Documentation comments

We could add a distinct comment syntax for documentation comments, perhaps treating documentation comments as producing real tokens rather than being stripped out by the lexer. However, during discussion, there was significant support for using a syntax that does not resemble a comment for representing documentation. For example, we could introduce an attribute syntax, such as using @ <expression> as a prefix to a declaration to attach attributes. Then a string literal attribute can be treated as documentation:

@"Get the size of the thing."
fn GetThingSize() -> Int;

@"""
Rate the quality of the widget.

Returns a quality factor between 0.0 and 1.0.
"""
fn RateQuality(
  @"The widget to rate."
  Widget: w,
  @"A widget quality database."
  QualityDB: db) -> Float;

This use case will be explored by a future proposal.

Code folding comments

Some code editors are able to "fold" regions of a source file in order to ease navigation. In some cases, these fold regions can be customized by the use of comment lines. For example, in VS Code, this is accomplished with comments containing #region and #endregion:

// #region Functions F and G
fn f() { ... }
fn g() { ... }
// #endregion

Supporting such markers as normal text within line comments requires no additional effort. However, we could consider introducing a specific Carbon syntax for region comments, in order to encourage a common representation across code editors.
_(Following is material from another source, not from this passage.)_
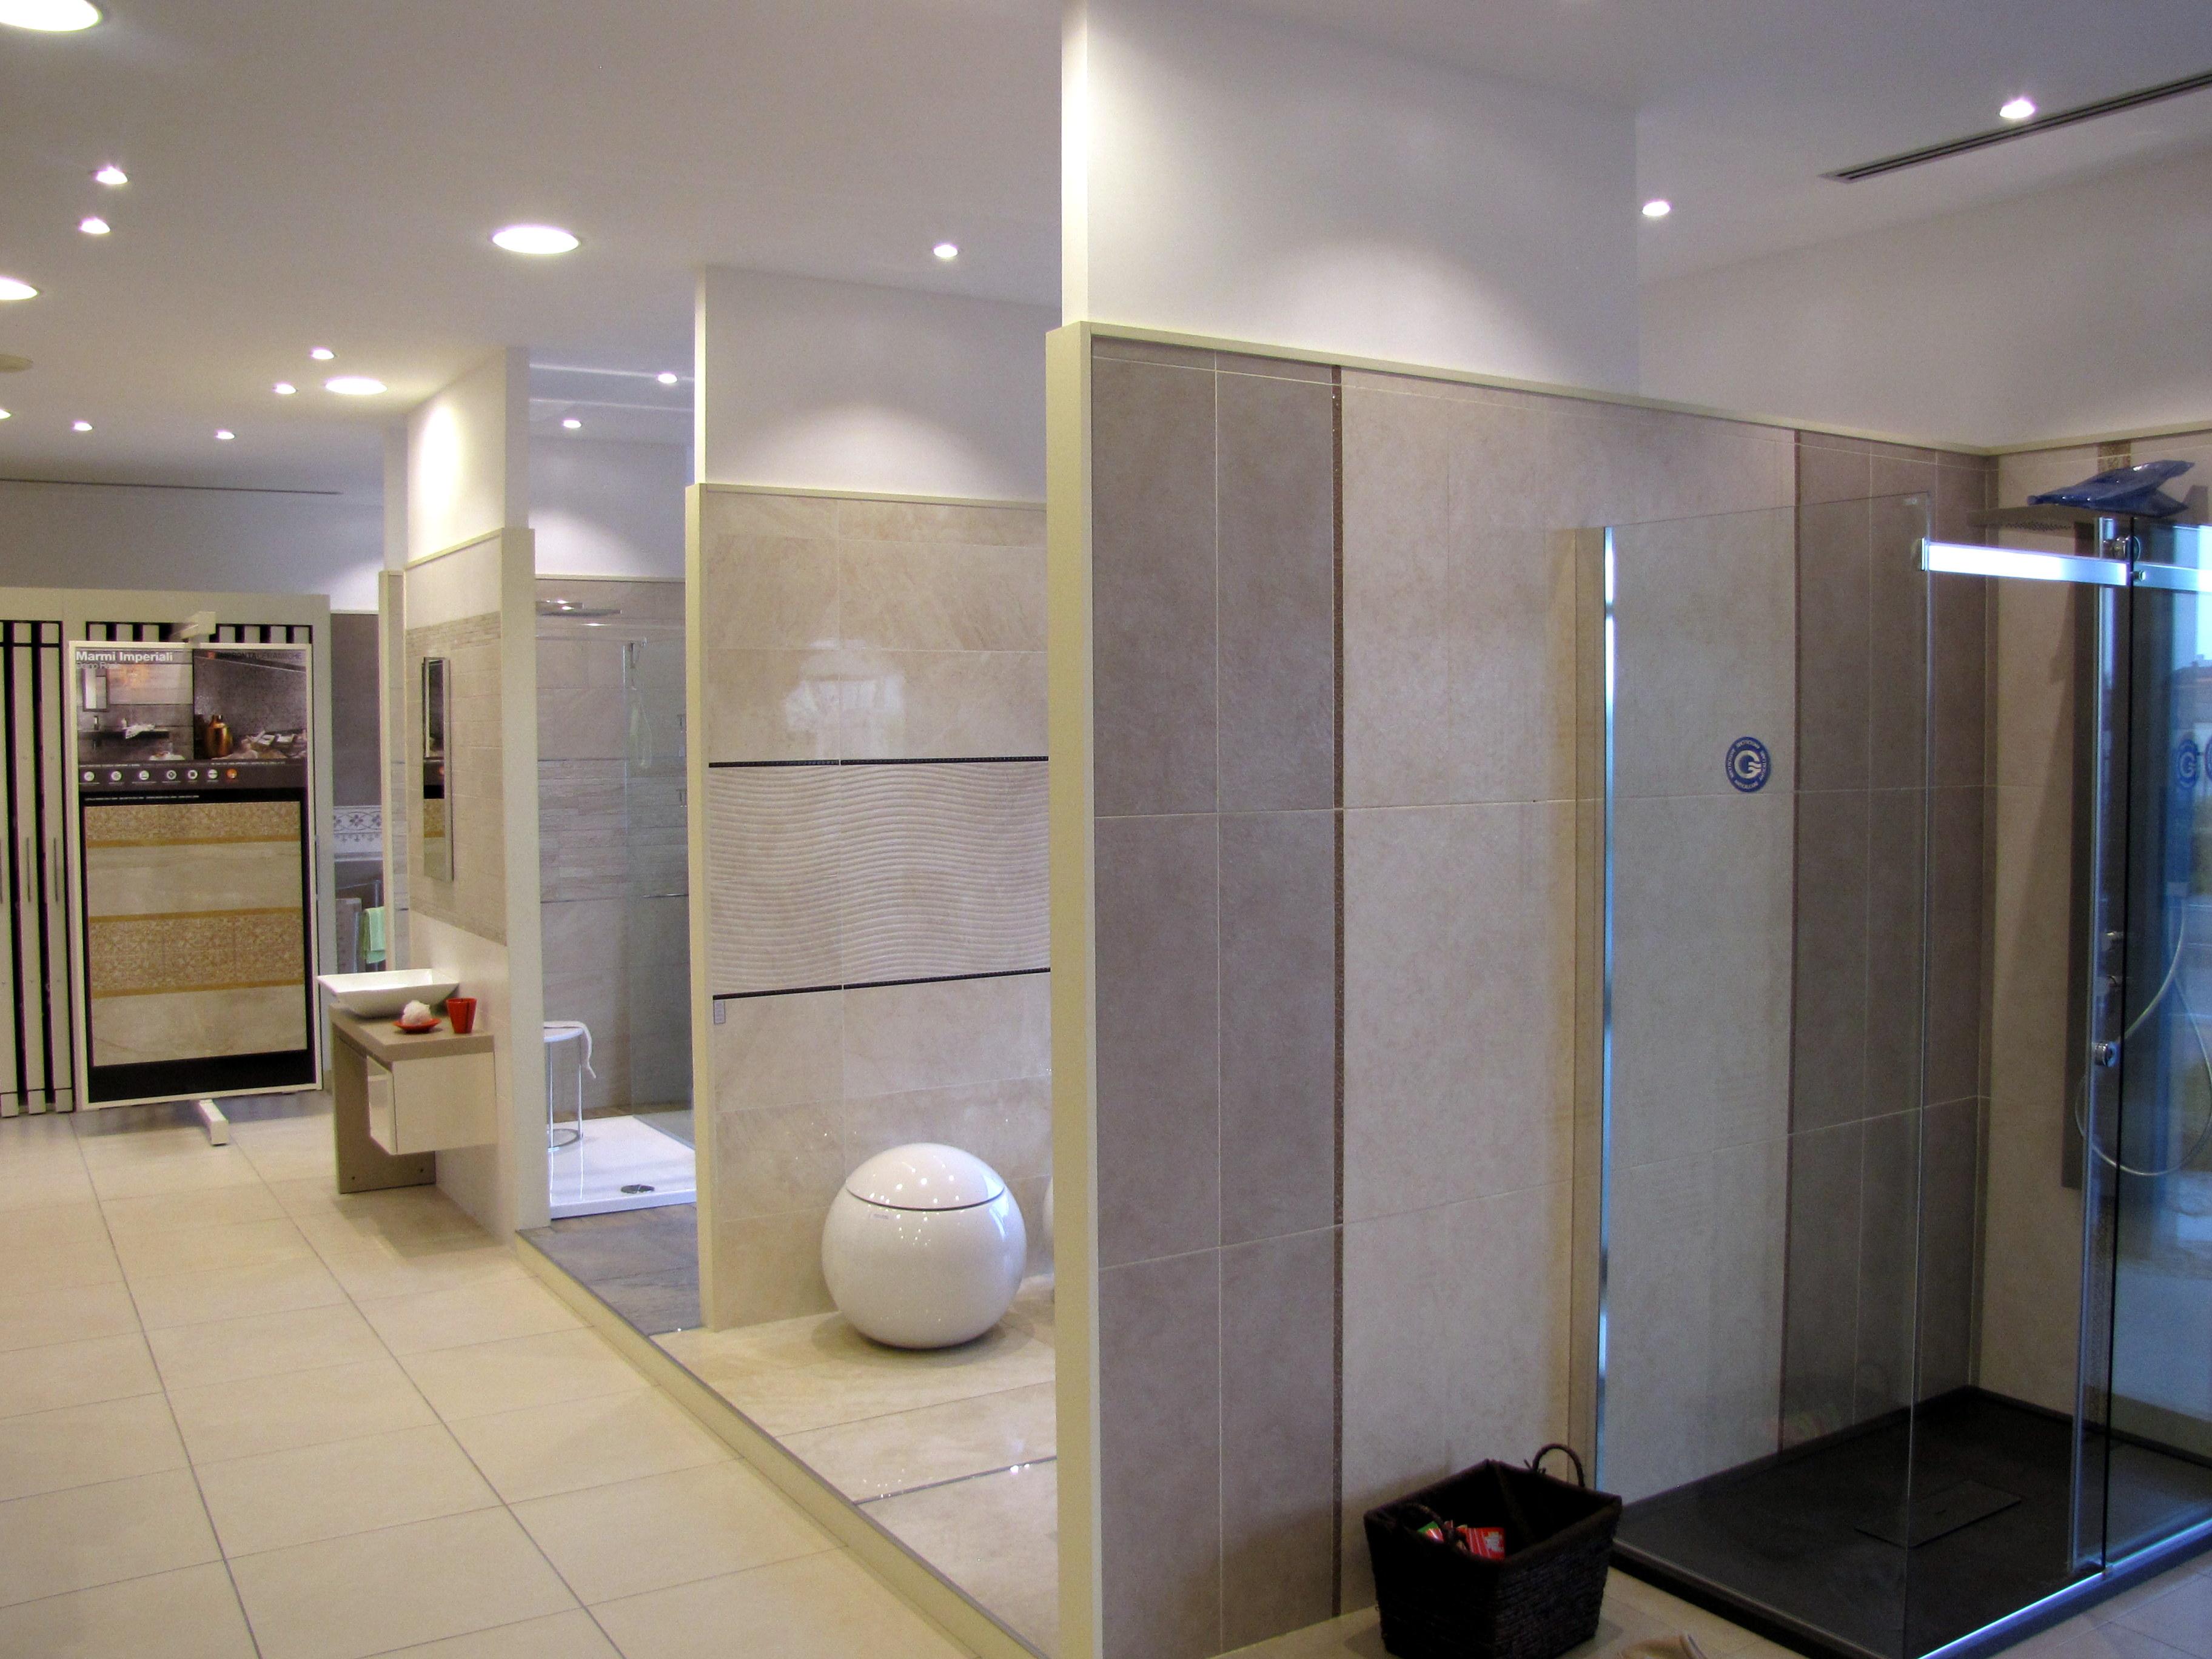 Vendita mobili bagno da esposizione good panoramica zona for Vendita mobili bagno

Such support is not covered by this proposal, but could be handled by a new form of comment.

Rationale

  • Some comment syntax is necessary to support software evolution, readable and understandable code, and many other goals of Carbon.
  • A single, simple, and consistent comment style supports Carbon's goal of easy to read and understand code, and fast development tools.
  • The experiment of restricting comments to be the only non-whitespace text on a line supports Carbon's goal of software evolution.
  • The careful open lexical space left supports Carbon's goal of language evolution.
  • The use of // as the primary syntax marking comments supports interoperability with C++-trained programmers and codebases by avoiding unnecessary and unhelpful churn of comment syntax.